By Mohabir Anil Nandlall, M.P., Attorney-at-Law

Prior to the 2015 National and Regional Elections, the AFC/APNU Politicians clamoured relentlessly for accountability and transparency, especially, in public procurement.

Their clarion call was for the establishment of the Public Procurement Commission and for cabinet’s absolute non- involvement in the procurement process. They withheld their support from national budgets, important national projects and important legislation. Indeed, they demanded the immediate establishment of the Procurement Commission and the immediate cessation of cabinet’s no objection as the price of their support for these matters. I have no doubt that readers will recall their demands and orchestrations very vividly. In a matter of months, it is astounding how drastic their position on these issues has changed.

Mohabir Anil Nandlall, M.P., Attorney-at-Law
Mohabir Anil Nandlall, M.P., Attorney-at-Law

They are now in control of the National Assembly but there is no haste on their part any longer, to establish the Procurement Commission – a parliamentary driven process. Two hundred million dollars of contracts have been handed by a Minister to “forensic auditors” to do audit of public accounts without any resort to public procurement or any other transparent process.

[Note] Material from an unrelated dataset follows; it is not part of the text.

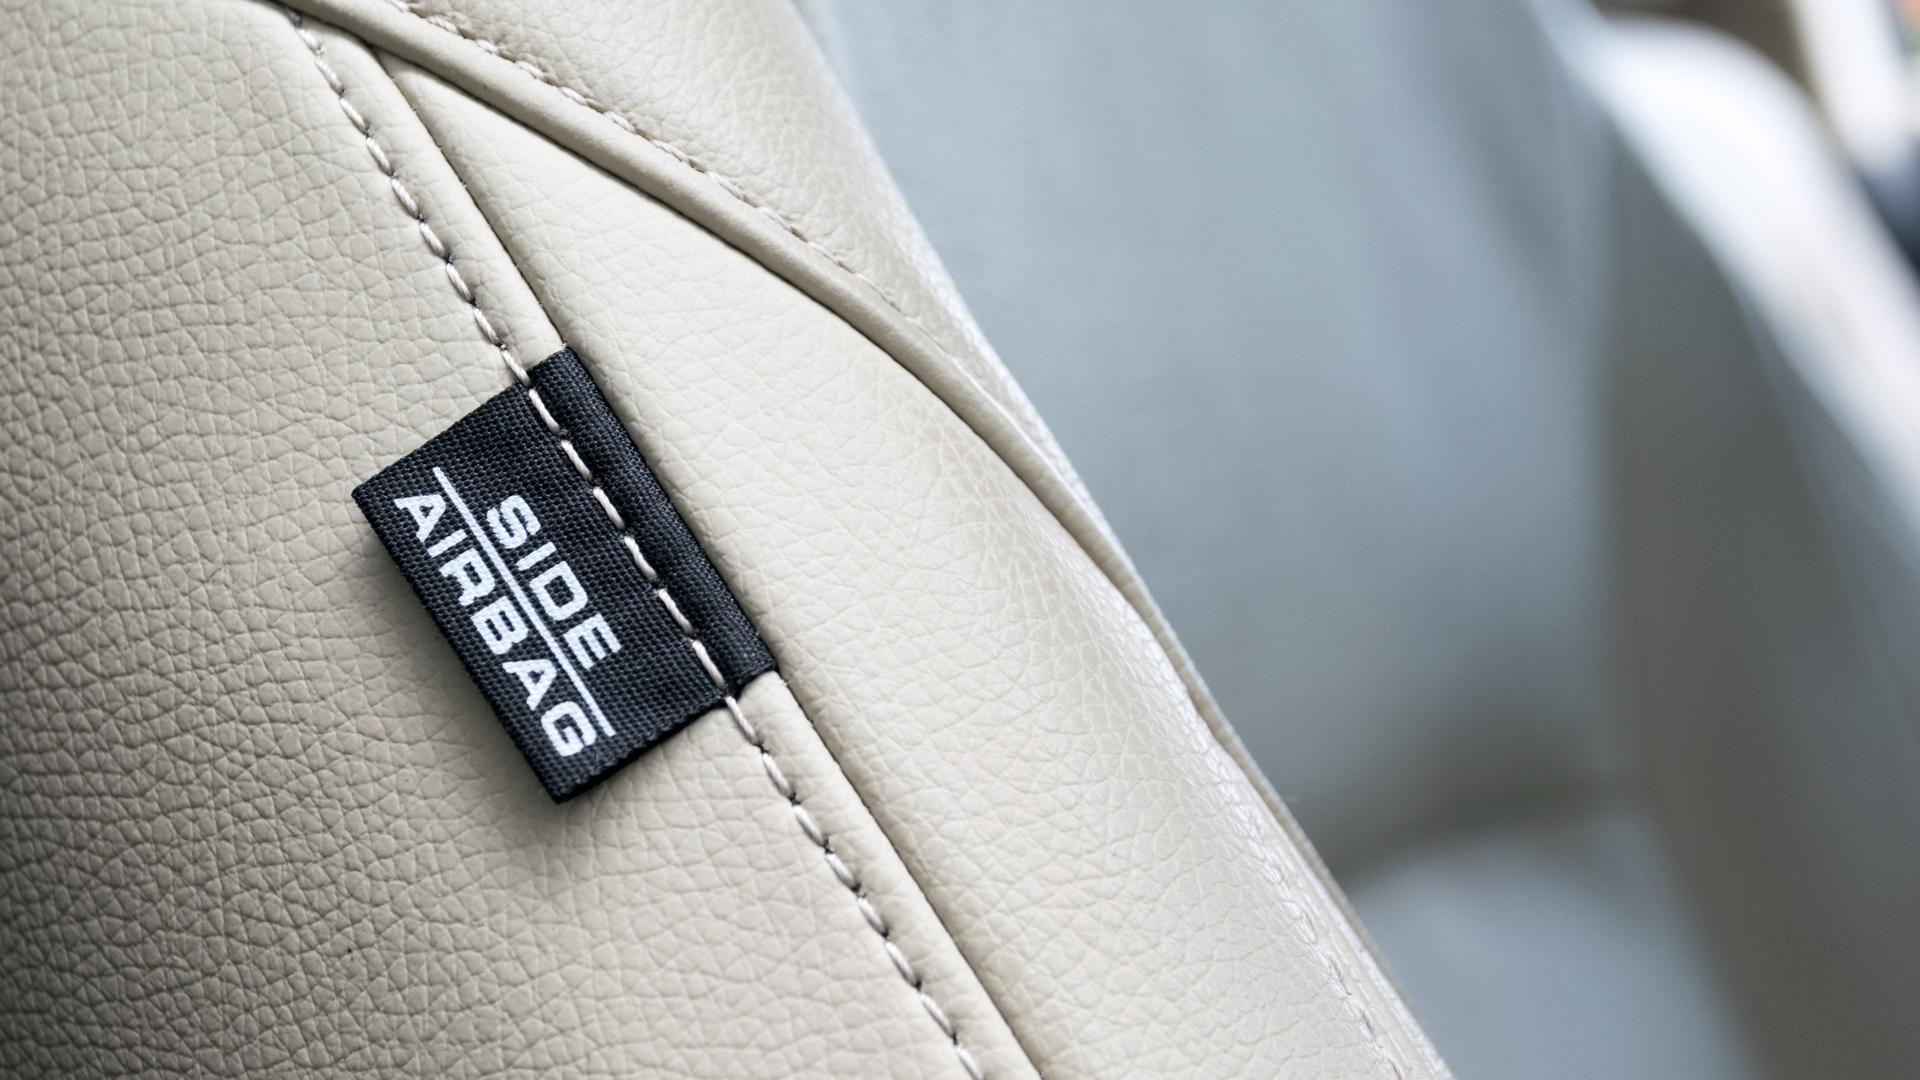 airbag lateral etiqueta detalhe banco de couro

Hundreds of millions of dollars are spent on cleaning the City of Georgetown without any public procurement or other transparent process. A fifteen million US dollar project for the construction of the Specialty Hospital was handed by a Minister to a former client of Vice President, Khemraj Ramjattan, without any public tendering or any transparent process.

Another multi-million dollar wind-farm project is about to be given to another close friend of Khemraj Ramjattan, whom the nation recently learnt from Mr. Ramjattan himself, helped finance the acquisition of the AFC’s Party main office in Georgetown. Again, there was no public procurement or any other transparent process.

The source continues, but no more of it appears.